Exactly as they appear below, repeat the lines from the one with "domestic duck (Anas" through the one with "OLTO-8 INFINITY Innovative Mechanical Watch", and no others.

## Available records

=== Section Start ===

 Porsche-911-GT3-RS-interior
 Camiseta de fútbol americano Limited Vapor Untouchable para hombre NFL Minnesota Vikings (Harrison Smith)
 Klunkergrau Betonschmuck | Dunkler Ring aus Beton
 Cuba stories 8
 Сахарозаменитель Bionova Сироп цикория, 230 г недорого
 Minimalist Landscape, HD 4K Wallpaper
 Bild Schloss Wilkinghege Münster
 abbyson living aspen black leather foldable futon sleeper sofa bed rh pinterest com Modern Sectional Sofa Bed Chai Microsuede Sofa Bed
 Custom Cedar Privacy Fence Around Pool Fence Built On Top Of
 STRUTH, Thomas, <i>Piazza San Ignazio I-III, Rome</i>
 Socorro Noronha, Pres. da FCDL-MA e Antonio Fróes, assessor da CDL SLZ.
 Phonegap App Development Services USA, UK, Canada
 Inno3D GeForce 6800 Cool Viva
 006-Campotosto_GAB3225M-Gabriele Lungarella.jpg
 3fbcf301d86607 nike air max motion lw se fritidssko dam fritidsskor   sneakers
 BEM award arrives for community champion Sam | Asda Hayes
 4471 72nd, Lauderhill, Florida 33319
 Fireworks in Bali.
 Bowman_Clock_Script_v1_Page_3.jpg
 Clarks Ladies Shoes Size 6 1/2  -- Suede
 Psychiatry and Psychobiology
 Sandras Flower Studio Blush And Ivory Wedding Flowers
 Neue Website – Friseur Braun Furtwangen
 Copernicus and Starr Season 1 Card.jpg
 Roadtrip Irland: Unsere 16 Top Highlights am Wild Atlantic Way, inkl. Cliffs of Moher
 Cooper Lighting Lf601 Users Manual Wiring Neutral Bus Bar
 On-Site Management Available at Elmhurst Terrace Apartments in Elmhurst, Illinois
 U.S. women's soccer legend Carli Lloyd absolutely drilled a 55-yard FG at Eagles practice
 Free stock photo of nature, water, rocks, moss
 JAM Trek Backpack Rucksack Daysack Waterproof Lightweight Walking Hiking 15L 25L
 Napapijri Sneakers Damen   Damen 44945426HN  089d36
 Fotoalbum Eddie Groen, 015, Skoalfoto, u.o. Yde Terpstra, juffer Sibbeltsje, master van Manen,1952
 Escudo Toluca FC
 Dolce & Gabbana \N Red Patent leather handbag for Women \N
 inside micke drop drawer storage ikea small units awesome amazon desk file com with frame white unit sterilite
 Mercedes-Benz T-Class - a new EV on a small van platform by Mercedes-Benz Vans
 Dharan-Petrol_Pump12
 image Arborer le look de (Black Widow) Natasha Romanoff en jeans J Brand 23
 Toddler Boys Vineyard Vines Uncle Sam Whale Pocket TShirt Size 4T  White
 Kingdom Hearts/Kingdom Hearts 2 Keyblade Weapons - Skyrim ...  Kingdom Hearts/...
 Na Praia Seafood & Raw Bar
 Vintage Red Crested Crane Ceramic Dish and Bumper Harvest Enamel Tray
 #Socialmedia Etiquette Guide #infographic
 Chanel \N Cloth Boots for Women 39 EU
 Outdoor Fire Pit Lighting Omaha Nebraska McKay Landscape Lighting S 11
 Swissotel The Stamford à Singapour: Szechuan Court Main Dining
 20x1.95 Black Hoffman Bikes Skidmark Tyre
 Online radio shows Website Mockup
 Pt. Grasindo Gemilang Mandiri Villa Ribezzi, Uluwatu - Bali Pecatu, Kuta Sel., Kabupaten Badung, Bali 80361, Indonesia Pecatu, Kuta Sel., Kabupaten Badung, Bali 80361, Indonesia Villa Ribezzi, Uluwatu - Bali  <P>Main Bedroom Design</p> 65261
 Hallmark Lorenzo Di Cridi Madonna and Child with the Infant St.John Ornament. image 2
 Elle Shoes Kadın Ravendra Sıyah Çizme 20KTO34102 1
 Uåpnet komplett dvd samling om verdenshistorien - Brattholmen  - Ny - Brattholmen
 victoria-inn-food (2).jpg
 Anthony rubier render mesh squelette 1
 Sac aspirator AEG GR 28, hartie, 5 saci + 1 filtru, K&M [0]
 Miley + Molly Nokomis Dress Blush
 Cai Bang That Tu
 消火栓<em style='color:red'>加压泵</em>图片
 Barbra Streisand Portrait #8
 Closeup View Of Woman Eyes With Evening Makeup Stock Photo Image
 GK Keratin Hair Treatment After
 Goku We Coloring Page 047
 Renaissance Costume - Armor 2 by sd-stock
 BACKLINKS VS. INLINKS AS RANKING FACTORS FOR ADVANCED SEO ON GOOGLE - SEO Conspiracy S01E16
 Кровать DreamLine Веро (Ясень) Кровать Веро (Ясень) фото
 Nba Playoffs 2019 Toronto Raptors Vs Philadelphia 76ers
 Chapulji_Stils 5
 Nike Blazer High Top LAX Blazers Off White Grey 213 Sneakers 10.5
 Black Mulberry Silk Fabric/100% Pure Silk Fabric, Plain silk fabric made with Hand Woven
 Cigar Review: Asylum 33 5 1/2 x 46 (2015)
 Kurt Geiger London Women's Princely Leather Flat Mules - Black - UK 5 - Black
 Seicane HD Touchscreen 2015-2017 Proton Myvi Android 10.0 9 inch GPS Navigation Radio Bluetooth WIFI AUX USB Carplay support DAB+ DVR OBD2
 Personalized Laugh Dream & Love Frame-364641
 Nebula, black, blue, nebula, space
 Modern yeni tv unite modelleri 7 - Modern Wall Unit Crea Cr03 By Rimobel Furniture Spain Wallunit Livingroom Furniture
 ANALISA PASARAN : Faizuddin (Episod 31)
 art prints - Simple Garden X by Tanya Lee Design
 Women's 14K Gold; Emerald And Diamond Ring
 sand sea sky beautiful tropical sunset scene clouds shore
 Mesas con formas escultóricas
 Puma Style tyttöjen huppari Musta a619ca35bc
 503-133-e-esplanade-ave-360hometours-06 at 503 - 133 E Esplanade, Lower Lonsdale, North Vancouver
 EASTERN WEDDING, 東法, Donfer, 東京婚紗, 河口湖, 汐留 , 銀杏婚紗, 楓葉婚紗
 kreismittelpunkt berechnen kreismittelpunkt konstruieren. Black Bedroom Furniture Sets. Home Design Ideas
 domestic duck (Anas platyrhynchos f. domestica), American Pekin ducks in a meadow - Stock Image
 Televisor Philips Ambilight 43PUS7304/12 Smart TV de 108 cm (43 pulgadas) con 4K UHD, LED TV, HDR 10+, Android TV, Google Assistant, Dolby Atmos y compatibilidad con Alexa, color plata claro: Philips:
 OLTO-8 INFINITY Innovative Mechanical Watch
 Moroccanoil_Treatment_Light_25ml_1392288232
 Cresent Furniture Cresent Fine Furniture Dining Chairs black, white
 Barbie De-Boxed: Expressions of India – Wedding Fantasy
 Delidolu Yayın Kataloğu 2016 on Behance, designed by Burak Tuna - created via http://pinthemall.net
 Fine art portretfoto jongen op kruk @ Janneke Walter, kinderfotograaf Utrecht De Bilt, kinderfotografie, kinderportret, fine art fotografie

=== Section End ===

## Solution
 domestic duck (Anas platyrhynchos f. domestica), American Pekin ducks in a meadow - Stock Image
 Televisor Philips Ambilight 43PUS7304/12 Smart TV de 108 cm (43 pulgadas) con 4K UHD, LED TV, HDR 10+, Android TV, Google Assistant, Dolby Atmos y compatibilidad con Alexa, color plata claro: Philips:
 OLTO-8 INFINITY Innovative Mechanical Watch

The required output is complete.